We find evidence that the portfolio IRs roughly improve at a pace equal to the square root (sqrt) function of signal breadth. As an example, per the formula above let us infer the “Forecasting Accuracy” of the datasets used is 0.25. The Fundamental Law would infer that 10 signals would yield an IR of 0.8 (0.25*sqrt(10)), 20 signals would yield an IR of ~1 and 30 signals an IR of 1.2, which very closely match the simulated results shown in Figure 4.

The conclusion here is to incorporate as many different datasets to the portfolios as possible — while being aware of this “fundamental law of alternative data” — that an additional new dataset tends to provide diminishing returns to an investor.

Figure 4: Portfolio IR vs. number of signals

Portfolio IR vs. number of signals chart

Information Ratios for portfolios with different signal breadth, simulated from random draws of a library of 74 insights, based on both alternative and traditional data. The period for performance measurement is June 2017–December 2023. IRs exclude transaction costs, but insights are sufficiently lagged and slowed down to turnover levels to be capturable in a realistic investment process.

Quantitative investing adage #2: Benefits of scale and technology

The beauty of systematic investing is the scale that it offers in terms of incorporating many different data points. The same piece of code can be applied to processing tens, hundreds, even thousands of different datasets. And the more insights we have in a model, the more powerful it will be.

With alternative data, technology is particularly helpful during the first stage of evaluating how useful the dataset is in an investment process. In contrast to “traditional” data, such as accounting information — which comes in a clean and structured format — alternative data is often messy and large. It can often take several intensive steps to get it into a useful form — such as mapping, cleaning, and aggregating.
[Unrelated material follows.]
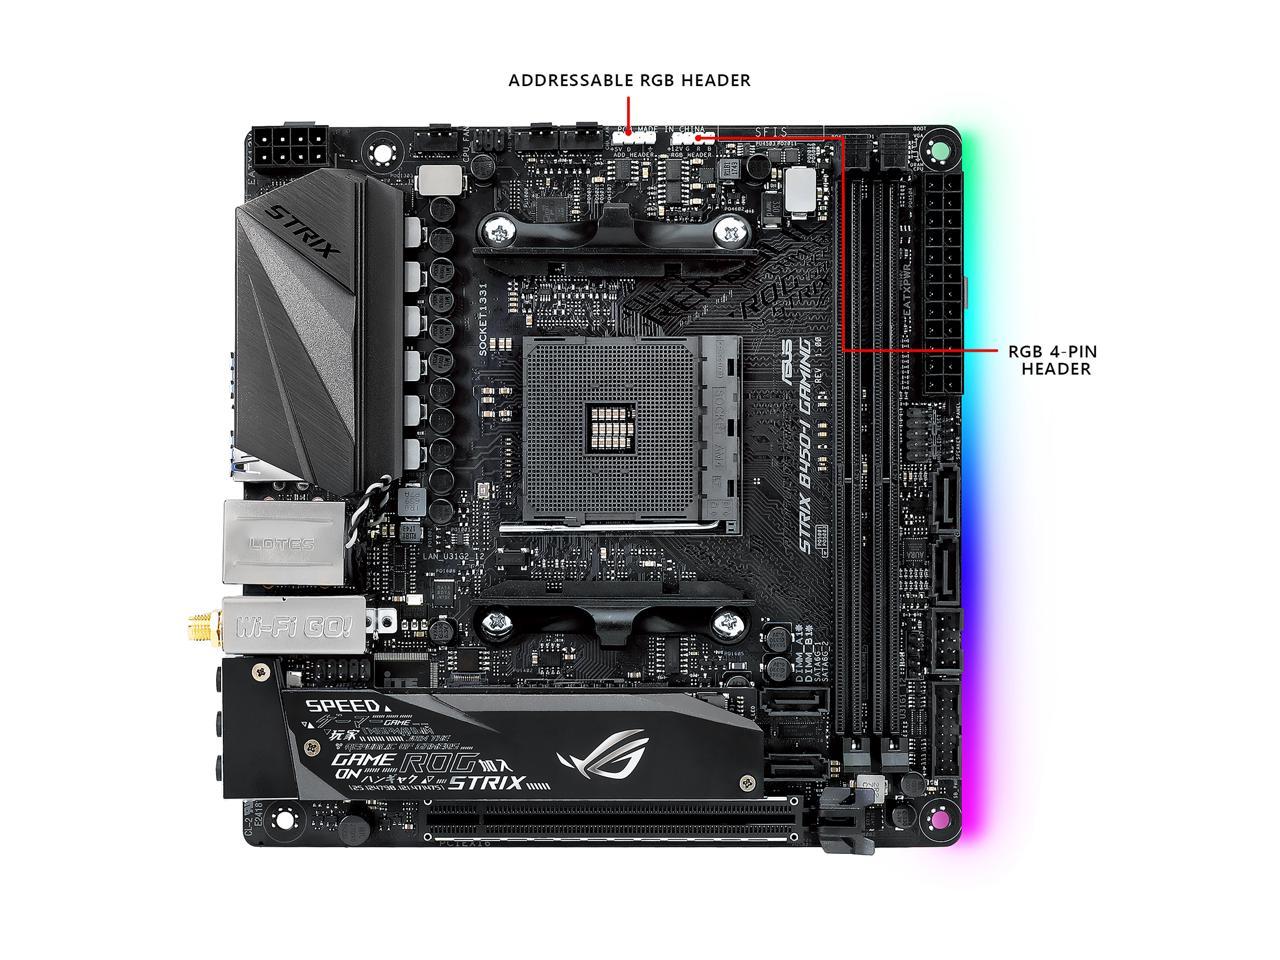 ASUS ROG STRIX B450-I GAMING AM4 AMD B450 SATA 6Gb/s USB 3.1 HDMI Mini ITX AMD Motherboard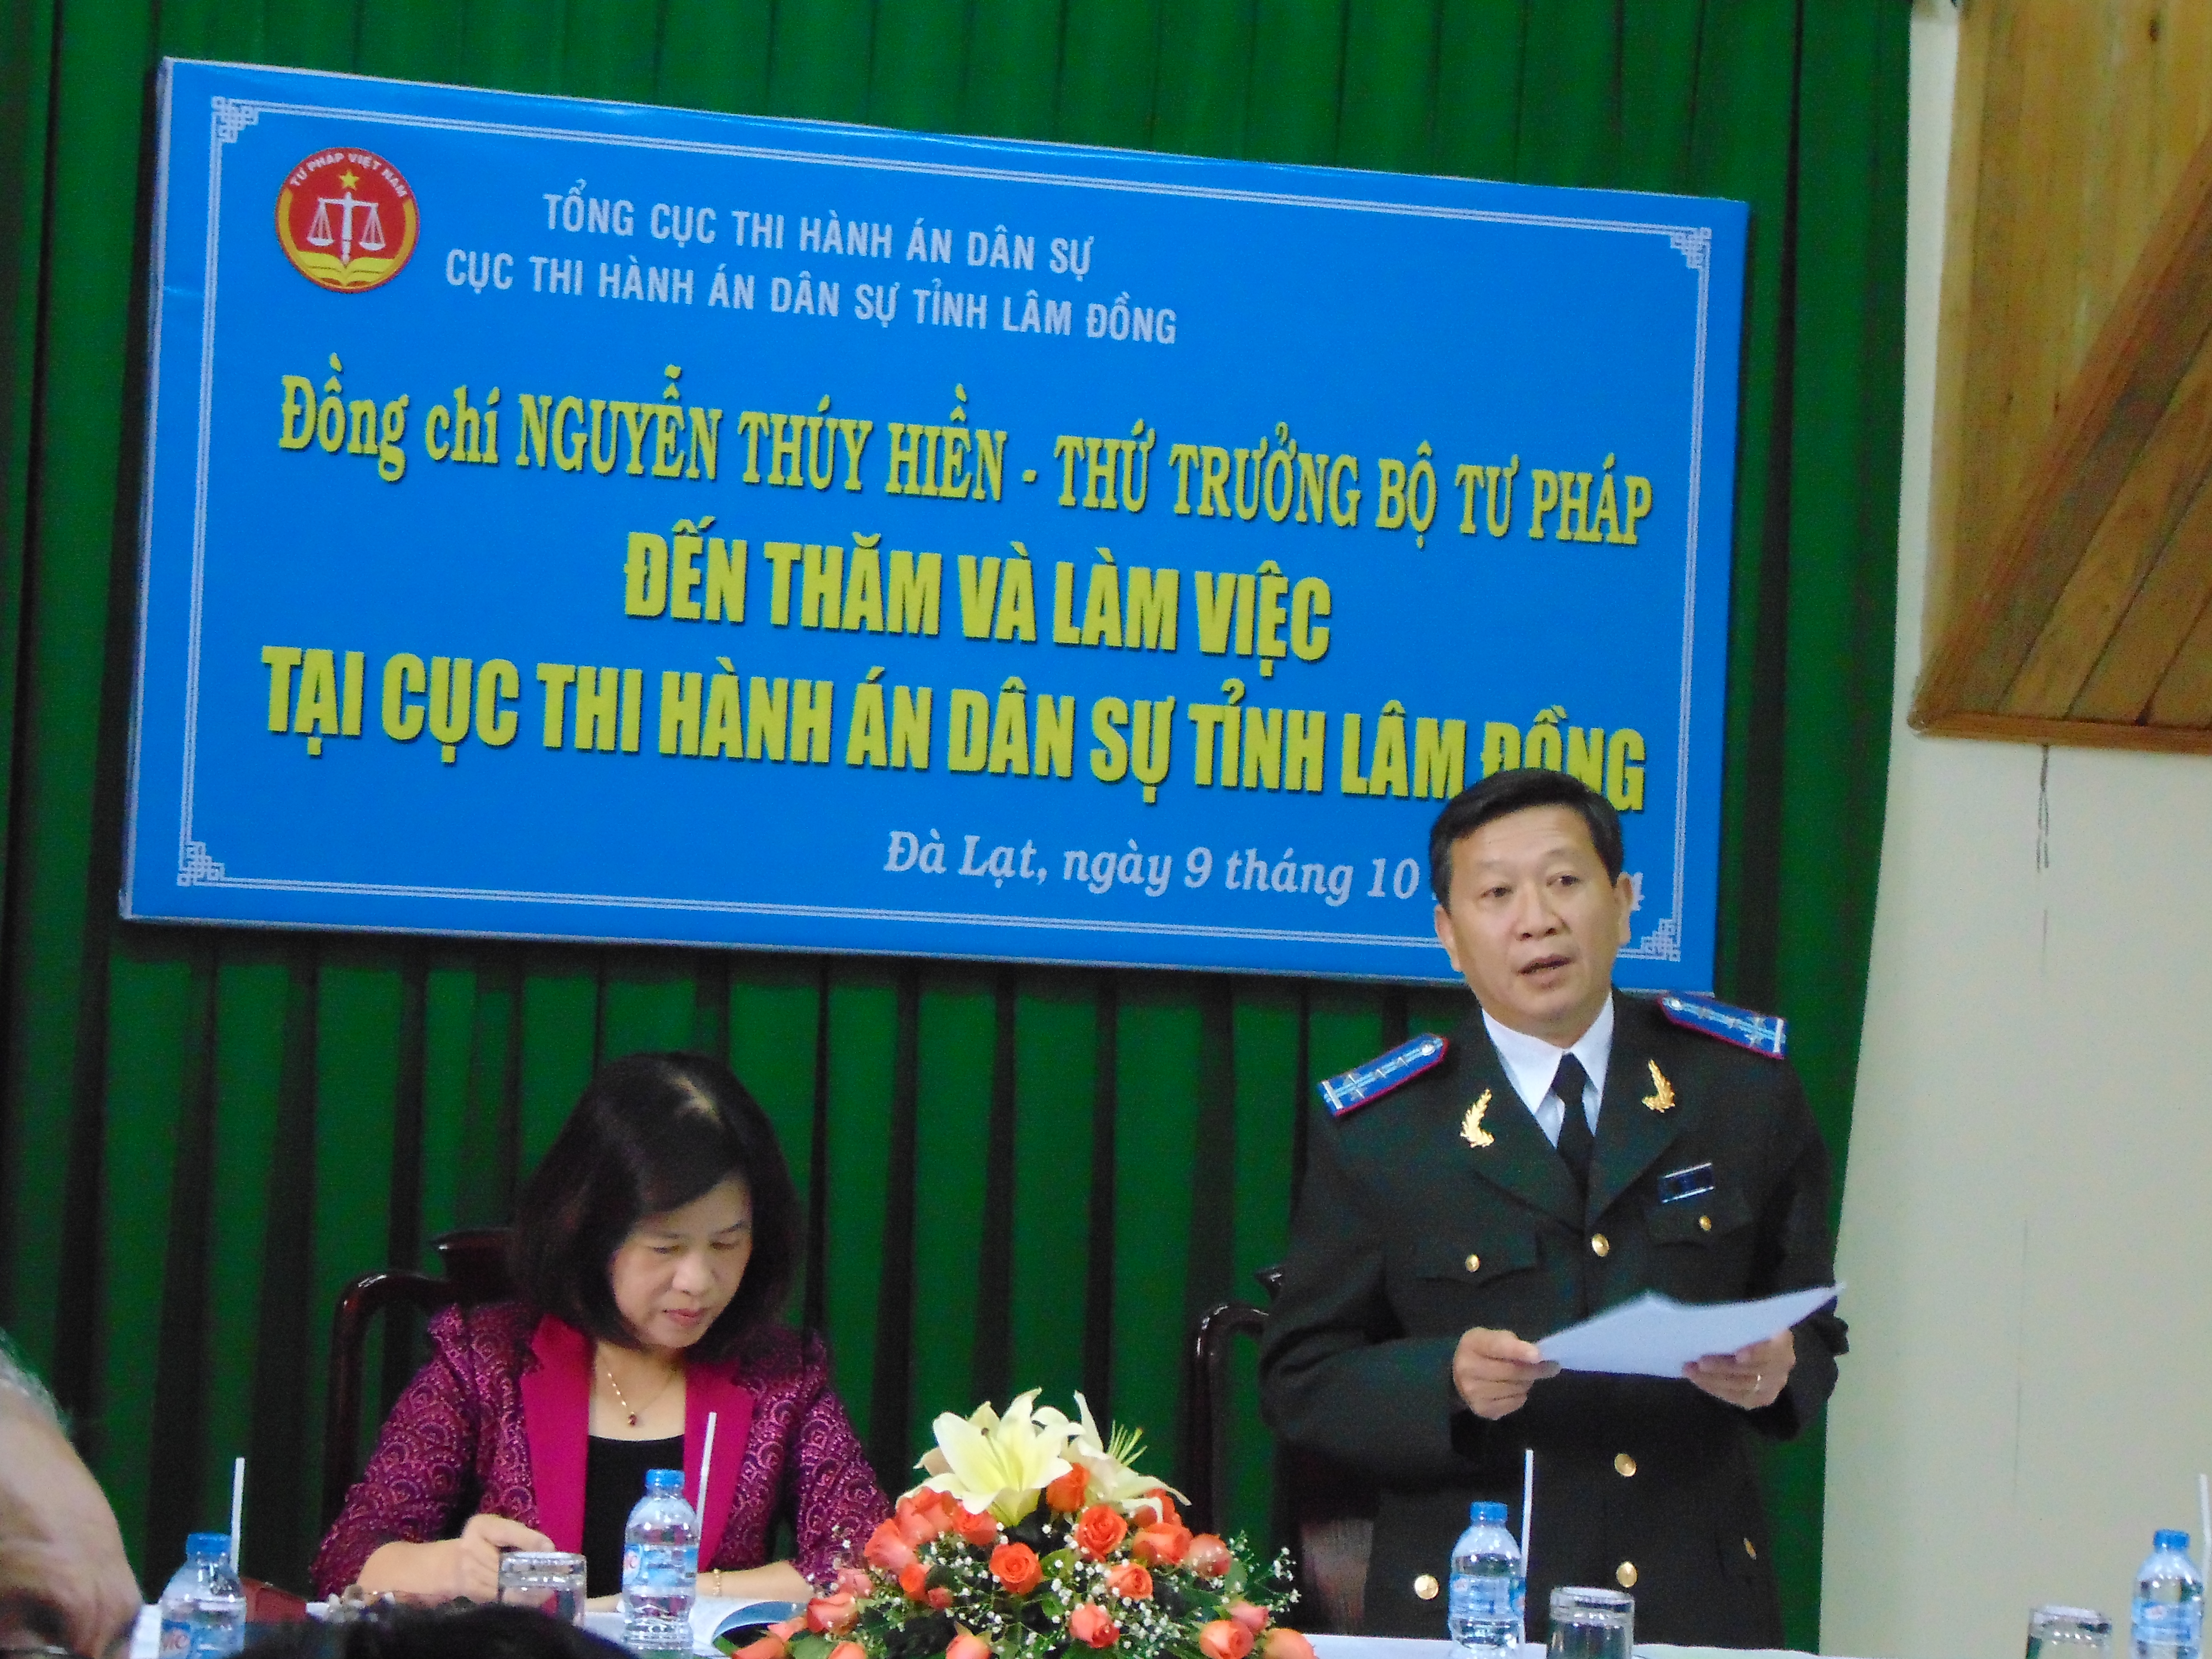 Đồng chí Nguyễn Thúy Hiền - Thứ trưởng Bộ Tư pháp thăm và làm việc

We have found that the first order solution to deal with such issues is to standardize and streamline as much of the above process as possible. This can be done on our side via automated tools or done on the vendor side so that they provide a version of their data which is easier to work with.

And once we do have many datasets in a comparable format, technology can again be leveraged to quickly iterate through various hypotheses that we as investors have about using the data, to gain new insights about a particular phenomenon, or feed the data into a machine learning model for a less supervised approach. Finally, with the right infrastructure in place — the marginal cost in terms of time to incorporate any additional dataset decreases as better infrastructure is built. This helps balance the fundamental law when it comes to alternative data from the previous section.